Another embodiment of a stent graft assembly incorporating the present invention is shown in the stent graft assembly 61 in FIG. 2. The balloon delivery catheter 62 shown therein shows the use of radiopaque marker bands 63 and 64 positioned on a shaft 66 on opposite ends of the balloon 67 and held in place by suitable means such as an epoxy 68 and disposed on opposite ends of the stent graft 11 and serve as enlargements to prevent the inadvertent dislodgement of the stent and/or the graft from the balloon during deployment of the stent graft 11.

In addition, as in the previous embodiments, security rings 71 and 72 are provided on opposite ends of the stent 12 and the sleeve 13. Security rings 71 and 72 are each comprised of two elongate elements 76 and 77 in the forms of waves or convolutions which are sinusoidal in shape and which are joined together by circumferentially spaced-apart axially extending struts 78 and eyelets 79. As with the security rings 36 and 37, it can be seen that the security rings 71 and 72 can be readily crimped into place and expanded in the same manner as the security rings 36 and 37. The eyelets 79 carry radiopaque markers 81. As with the security rings 36 and 37 the inner surfaces of the elements 76 and 77 can be left unpolished or with a textured surface for frictionally engaging the outer surface of the polymeric sleeve 13.
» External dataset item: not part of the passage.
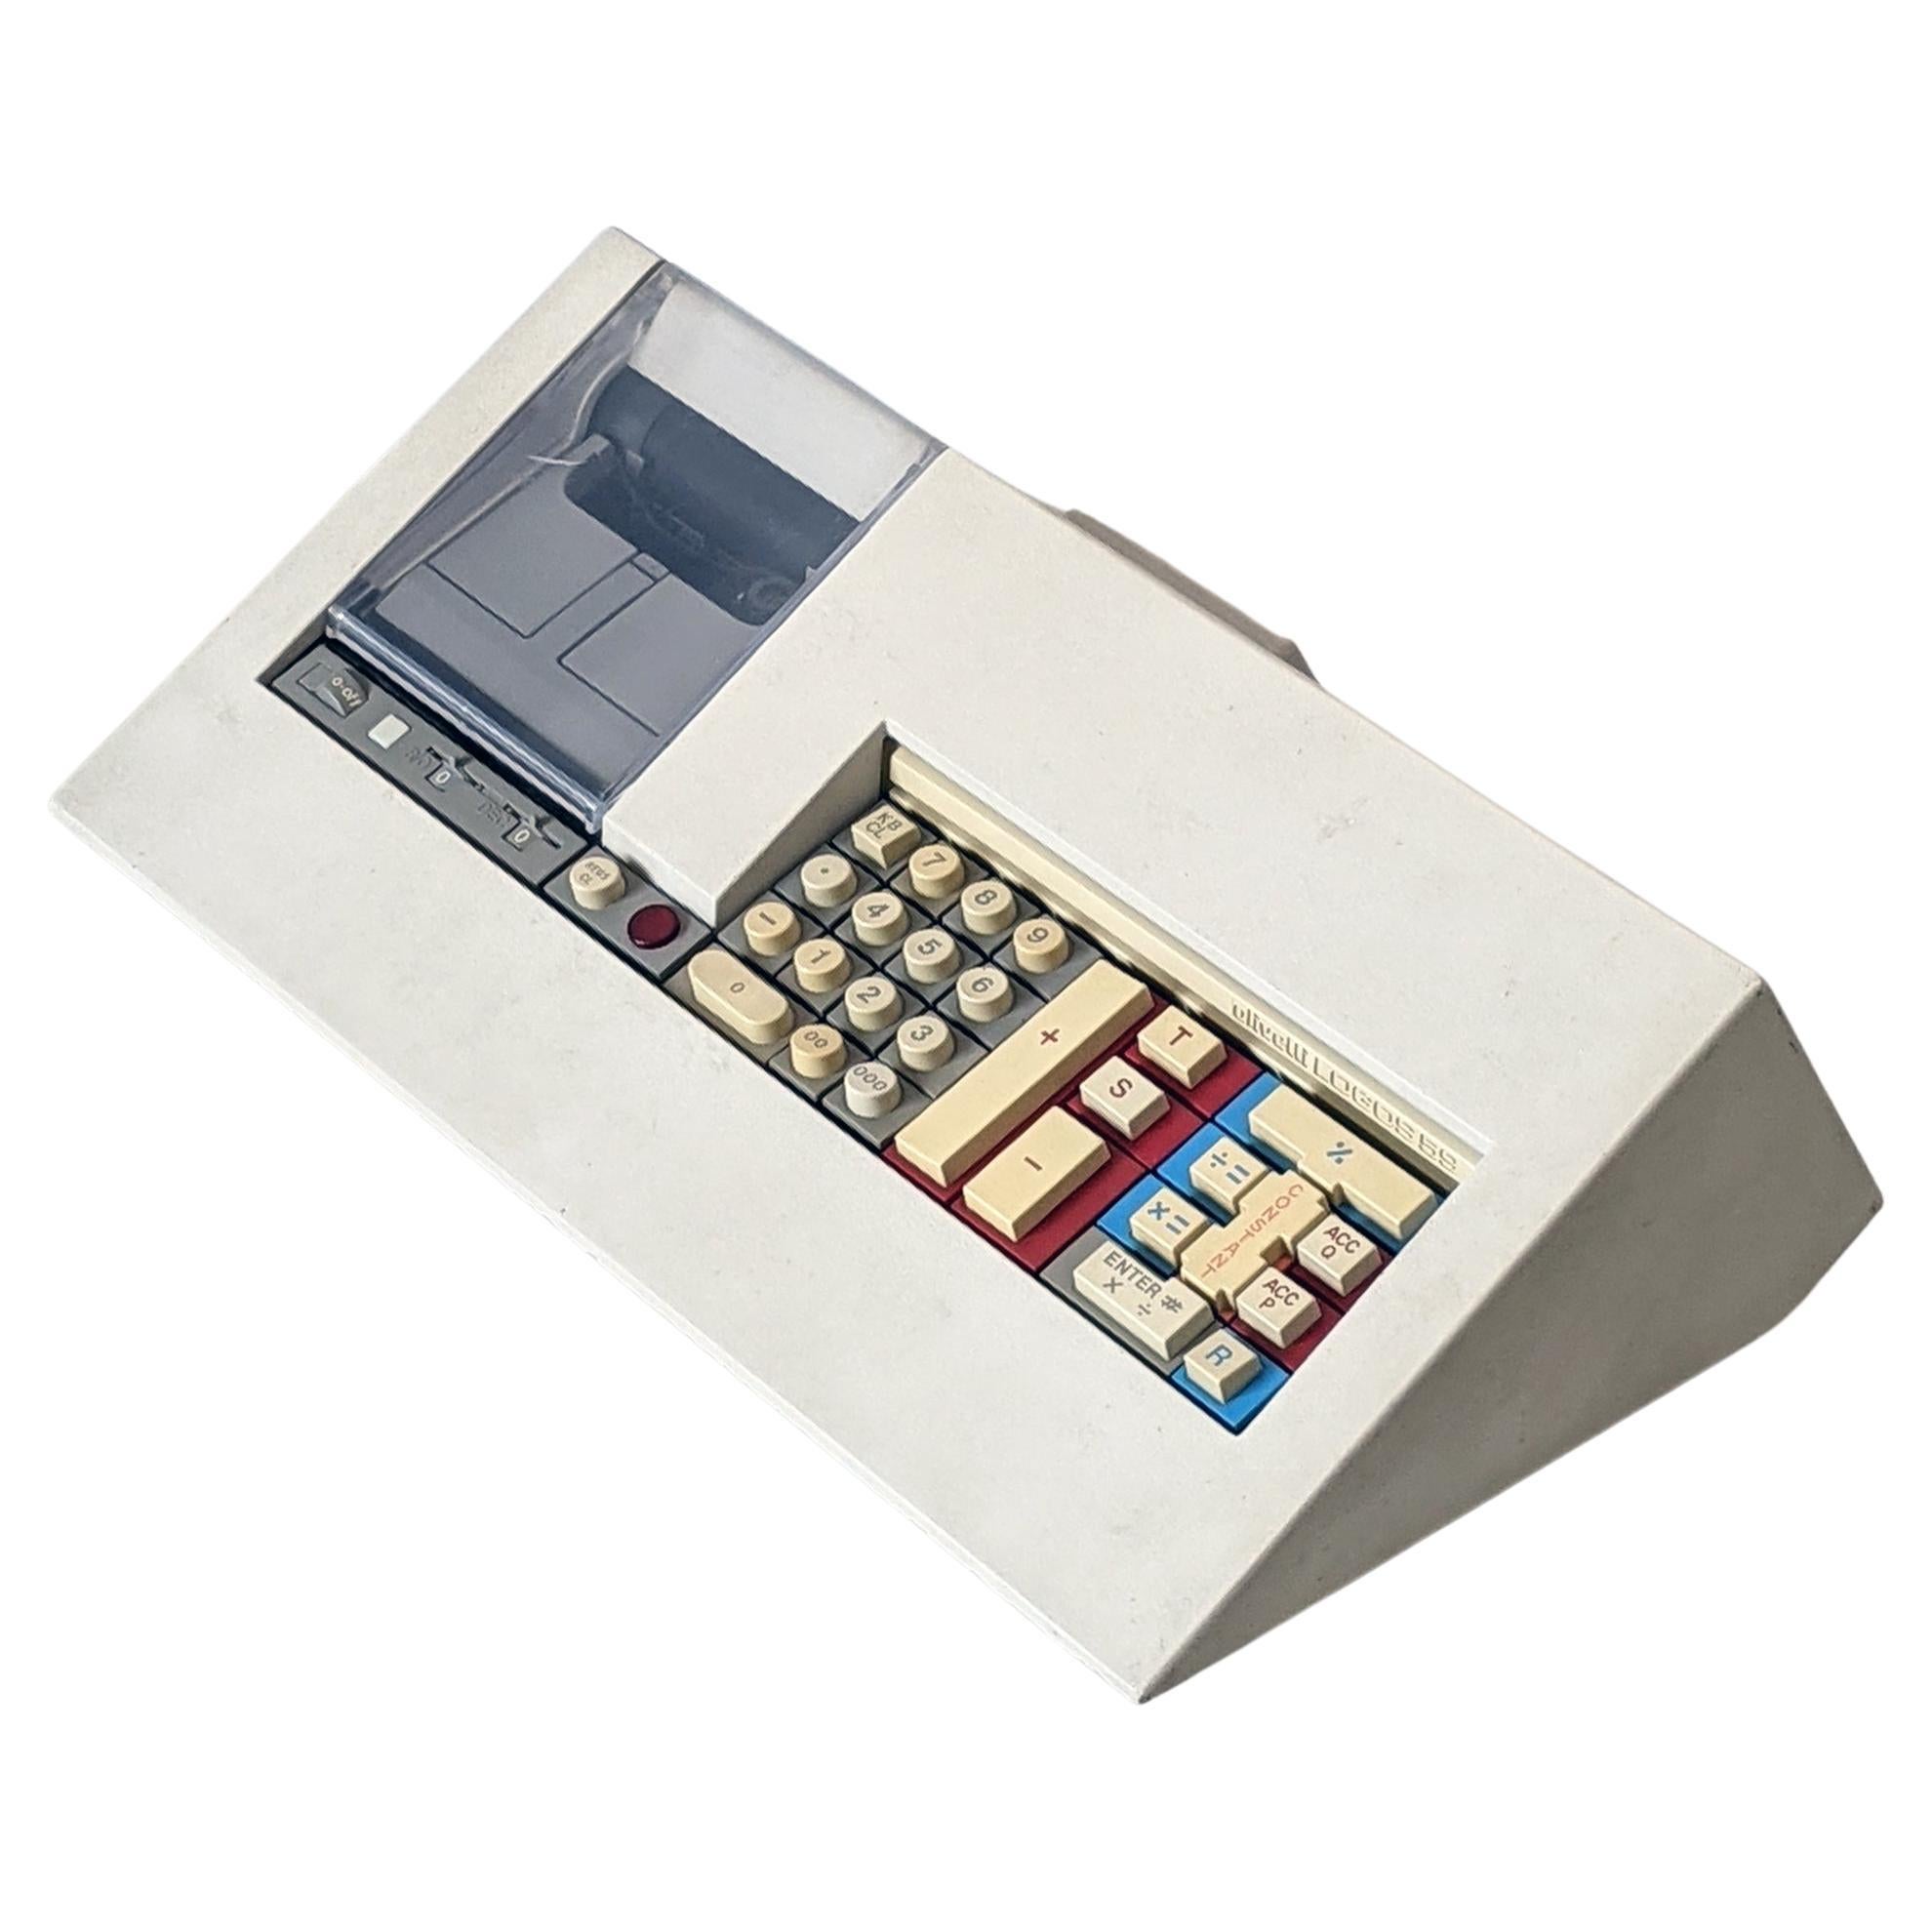 Mario Bellini, LOGOS 50/60 (59) Electronic Printing Calculator for Olivetti 1972

In order to further enhance the engagement between the polymeric sleeve 13 on the stent 12, the radiopaque marker 81 as shown in FIG. 3 can protrude out of the eyelet 79 so that it can form an indentation 82 with the sleeve 13 which extends into an open space in the stent 12 to further ensure a good engagement between the sleeve 13 and the stent 12 to prevent dislodgement of the sleeve 13 and ring 71 or 72 from the stent 12. In a similar manner as shown in FIG. 4, an eyelet 86 provided on the stent 12 may also carry a radiopaque marker 87 protruding radially and forming an indentation 88 in the inner surface of the sleeve 13 and to extend into a space in the security ring 72 to further ensure good engagement between the sleeve 13 and the stent 12.
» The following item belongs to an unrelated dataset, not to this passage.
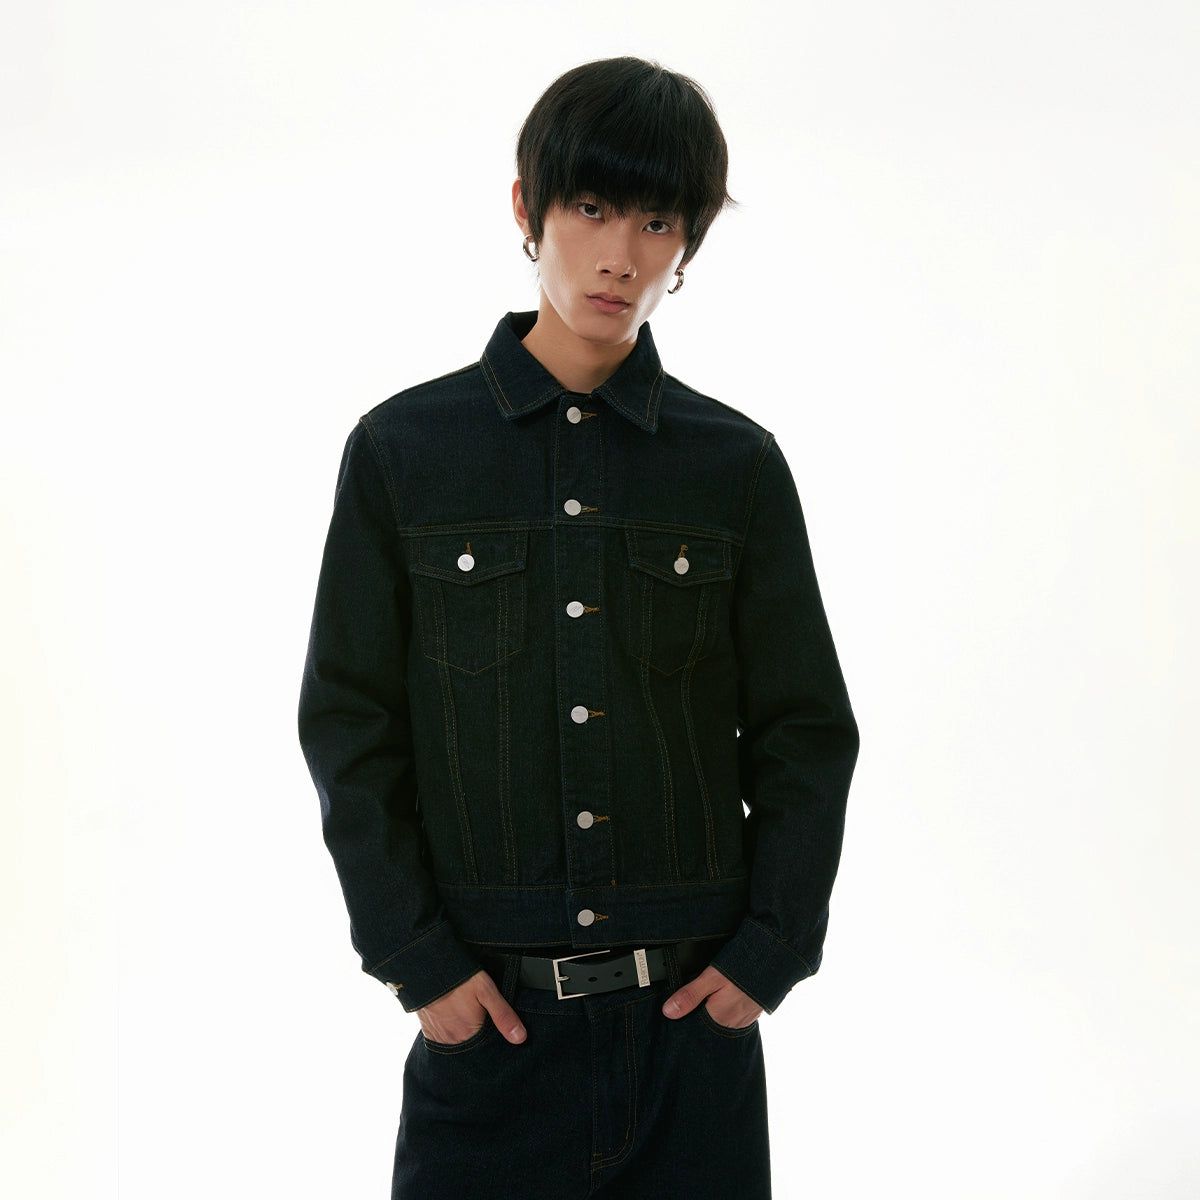 Basic Buttoned Denim Jacket Korean Street Fashion Jacket By Funky Fun Shop Online at OH Vault

Operation and use of the stent graft assembly 61 shown in FIG. 2 is very similar to that hereinbefore described with respect to FIG. 1 with the principal difference being that the security rings 71 and 72 have enhanced friction engaging capabilities over the security rings 36 and 37 shown in FIG. 1. In addition, the balloon delivery catheter 62, by providing the marker bands 63 and 64 on opposite extremities of the stent graft 11 also ensure that the stent graft 11 cannot accidentally become dislodged during deployment of the stent graft 11.
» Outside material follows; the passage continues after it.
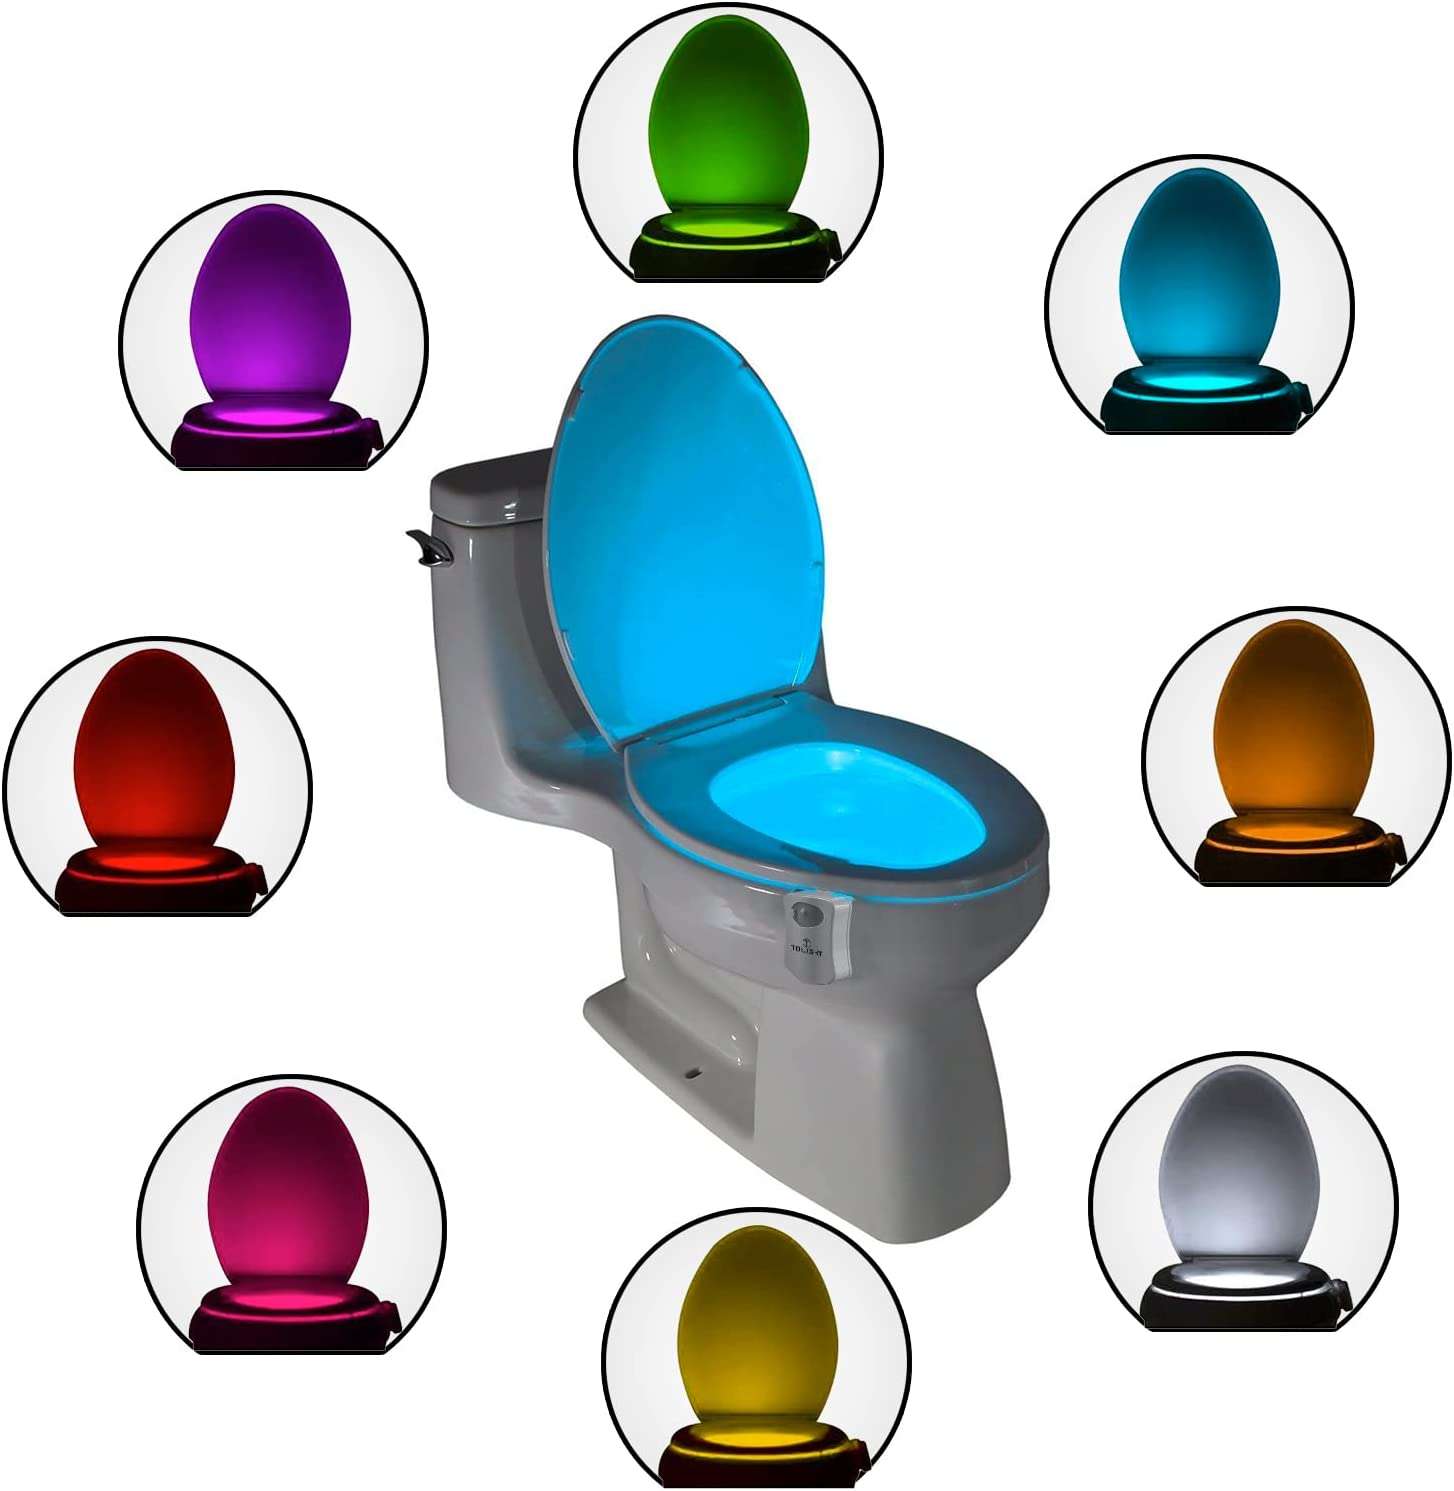 Chunace Toilet Night Lights 4 Pack - Motion Sensor Activated LED Bowl Lamp  for Bathroom Illumination…See more Chunace Toilet Night Lights 4 Pack

Still another embodiment of a stent graft assembly incorporating the present invention is shown in FIG. 5 in which the balloon delivery catheter 62 as shown therein is similar to the one hereinbefore described. The stent graft 11 is also similar to those hereinbefore described. However, in FIG. 5 there is shown the use of security rings 91 or 92 (showing two different designs) mounted on opposite ends of the sleeve 13. The security ring 91 is in the form of a stretchable polymer which can be stretched and fitted over one end of the sleeve 13 to frictionally retain the security ring 91 on the sleeve 13 and similarly to retain the sleeve 13 on the stent 12. Alternatively, as shown with the security ring 92, a less stretchable band of polymeric material can be utilized which is provided with circumferentially spaced-apart cutouts 93 therein which as shown in detail in FIG. 6 are positioned in such a manner so as to provide weakened regions 94 associated with each of the cutouts 93 but being staggered or provided on opposite sides of the security ring 92 so that when the stent graft 11 is expanded, these weakened regions will or can break apart to provide a zig-zag shape or a substantially sinusoidal wave-like shape, for the expanded security ring 92. Thus, it can be seen that a polymeric security ring can be provided which firmly secures the graft to the stent while still permitting expansion of the stent and graft after the stent graft assembly 11 has been deployed to the desired position.

As shown in FIG. 7, the stent graft 100 is shown mounted on a delivery apparatus 102. The apparatus 102 is provided with a central lumen 103 which is adapted to receive a conventional guide wire. The lumen 103 extends through the apparatus 102 and an opening (not shown) is provided in the apparatus for expanding the apparatus. The apparatus 102 has a substantially continuous diameter and is provided with distal and proximal portions 104 and 106 and an intermediate portion 107 which serves as a working portion of the apparatus, having a length which will accept the length of the stent graft 100. Radiopaque marker bands 110 and 111 are provided on the portion of the central lumen 103 extending through the apparatus and are mounted in the distal and proximal portions 104 and 106 as shown adjacent to the intermediate portion 102.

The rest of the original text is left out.